Experts predict spike in maize plantingCorn may have North Dakota producers seeing green this spring, as a shortfall in acres nationally last year could entice farmers to boost their planting of it this year, many ag experts predict.
By: By Betsy Simon, Forum News Service, The Jamestown Sun
Corn may have North Dakota producers seeing green this spring, as a shortfall in acres nationally last year could entice farmers to boost their planting of it this year, many ag experts predict.
According to the U.S. Department of Agriculture’s monthly national production and usage report and future predictions released Feb. 8, more than 12 billion bushels of corn were used last year, while only 10.8 billion bushels were produced.
“There’s about a 1.8 billion bushel discrepancy, so someone has to quit using 1.8 billion bushels,” Frayne Olson, North Dakota State University crops economist told producers at Tuesday’s Taylor Farm Institute. “So, who’s going to use less corn? The ethanol industry? Exports? The livestock sector? The answer is everybody.”
Olson said supplies are tight, so prices have to be rationed high to get people to fundamentally change how they use corn.
The increase in corn prices also make the crop more desirable for producers to plant this year, said Tom Lilja, executive director of the North Dakota Corn Council.
“It’s really been exciting to be a part of this growth that’s happened in North Dakota,” he said. “I worked for a seed company through the mid- to late-’90s, primarily in southeastern North Dakota, selling a lot of corn seed. There was excitement with a new corn sweetener plant down there. From 2004 to 2007, there was a major industry expansion in ethanol and ethanol plants in the Midwest.”
In a survey of corn council members, Lilja said more producers indicated that they planned to reduce their corn acres this year.
“It made sense because we had a huge increase in corn producers last year, but I still have a hunch that we will be up this year (in the number of corn producers),” he said.
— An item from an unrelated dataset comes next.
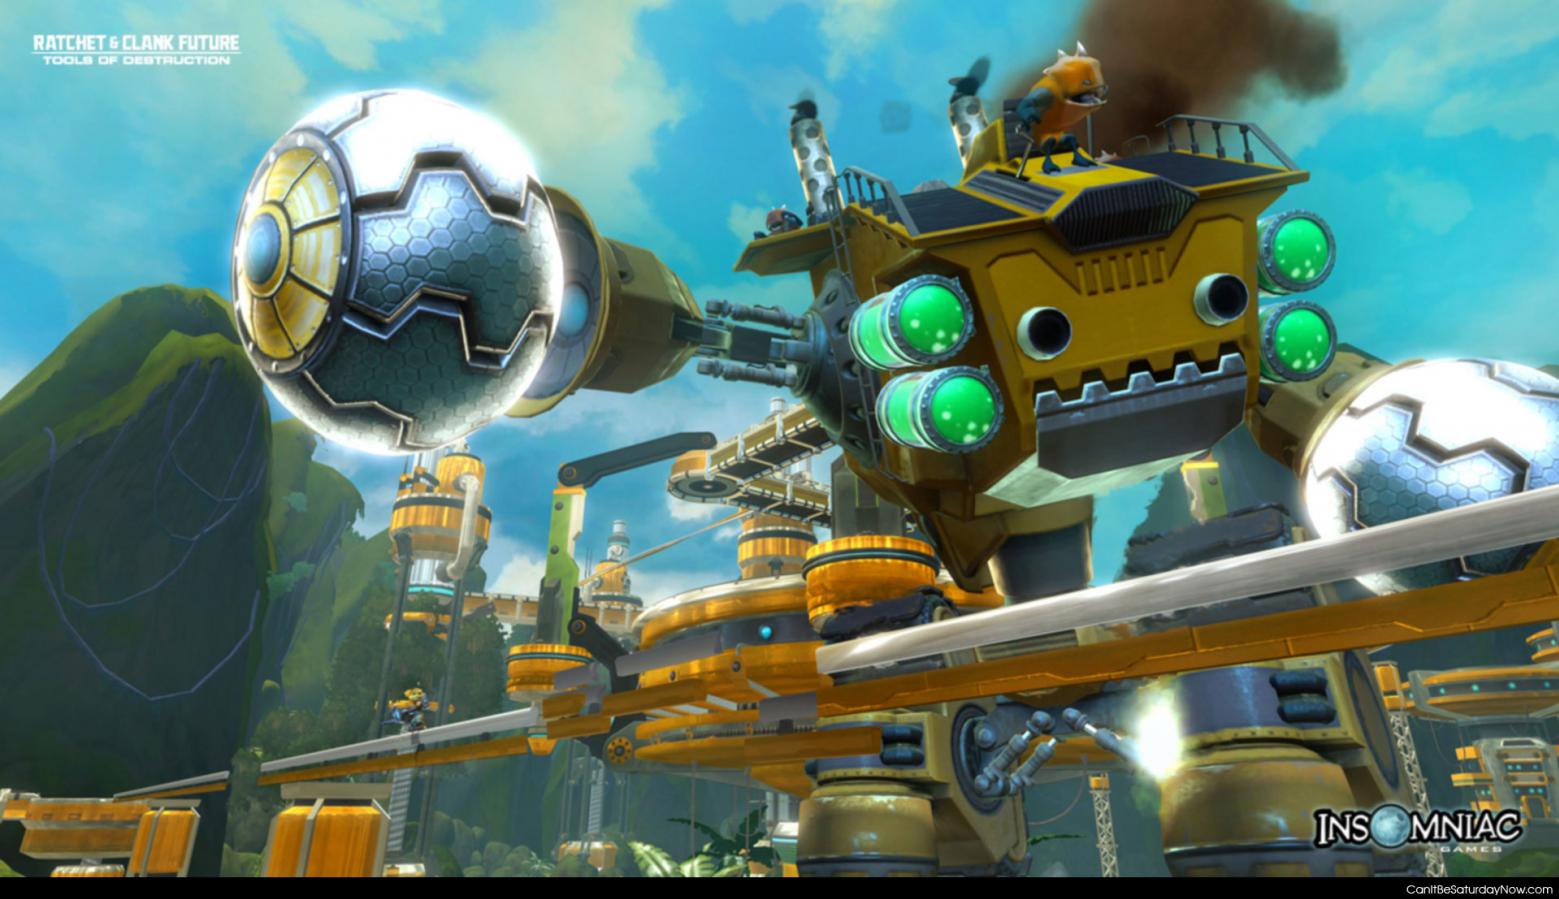 Ratchet clank future - Ratchet and Clank Future

Profits were shaping up nicely for corn producers in 2012 because they had the potential last year to contract corn in Minot for harvest delivery for about $4.25 per bushel, Olson said.
“You didn’t have to go very far this fall and cash corn was above $8 (per bushel),” he said. “If I do the math on this, and I have actually gone back and done this, if we have the worst possible thing happen for corn, price-wise, I can get a 3 in front of corn, a $3.80 or $3.90 (per bushel).
“On the other hand, I could get back to $8 (per bushel) pretty darn fast. I’m not saying that’s going to happen, but I could see a scenario where we could get there.”
High priced corn is likely to be followed by an increase in the acres of corn that are grown in North Dakota.
“Everybody and their brother is thinking about raising corn now because $8 corn got everybody’s attention,” Olson said.
Woody Barth, president of the North Dakota Farmers Union, also expects corn to be a popular crop in North Dakota this year, especially in the north and northwestern areas of the state.
“Potentially, corn could be a big crop in the state in 2013, but it will need to be seeded on a timely basis and it will take more moisture,” he said.
The average yearly rainfall for Dickinson is about 16 inches, said Roger Ashley, Dickinson Research Extension Center area extension specialist.
But he said the most important time for Dickinson-area corn growers to have moisture in mid-July into August, commonly dry time in southwest North Dakota.
“That is an important time in corn production and the need for the right amount of rain during that time period is crucial,” Ashley said.
He said the wettest month in southwest North Dakota is normally June, while the driest month is likely to be February.
“Do I expect a lot of snowfall now? No,” Ashley said. “But I would rather see us get some rainfall around April because the ground will be better able to take it in and that would be better for the crops.”
Precipitation will be key.
“It won’t matter how much fertilizer farmers put on their fields or how much they cultivate if they don’t have the rainfall they need,” Ashley said.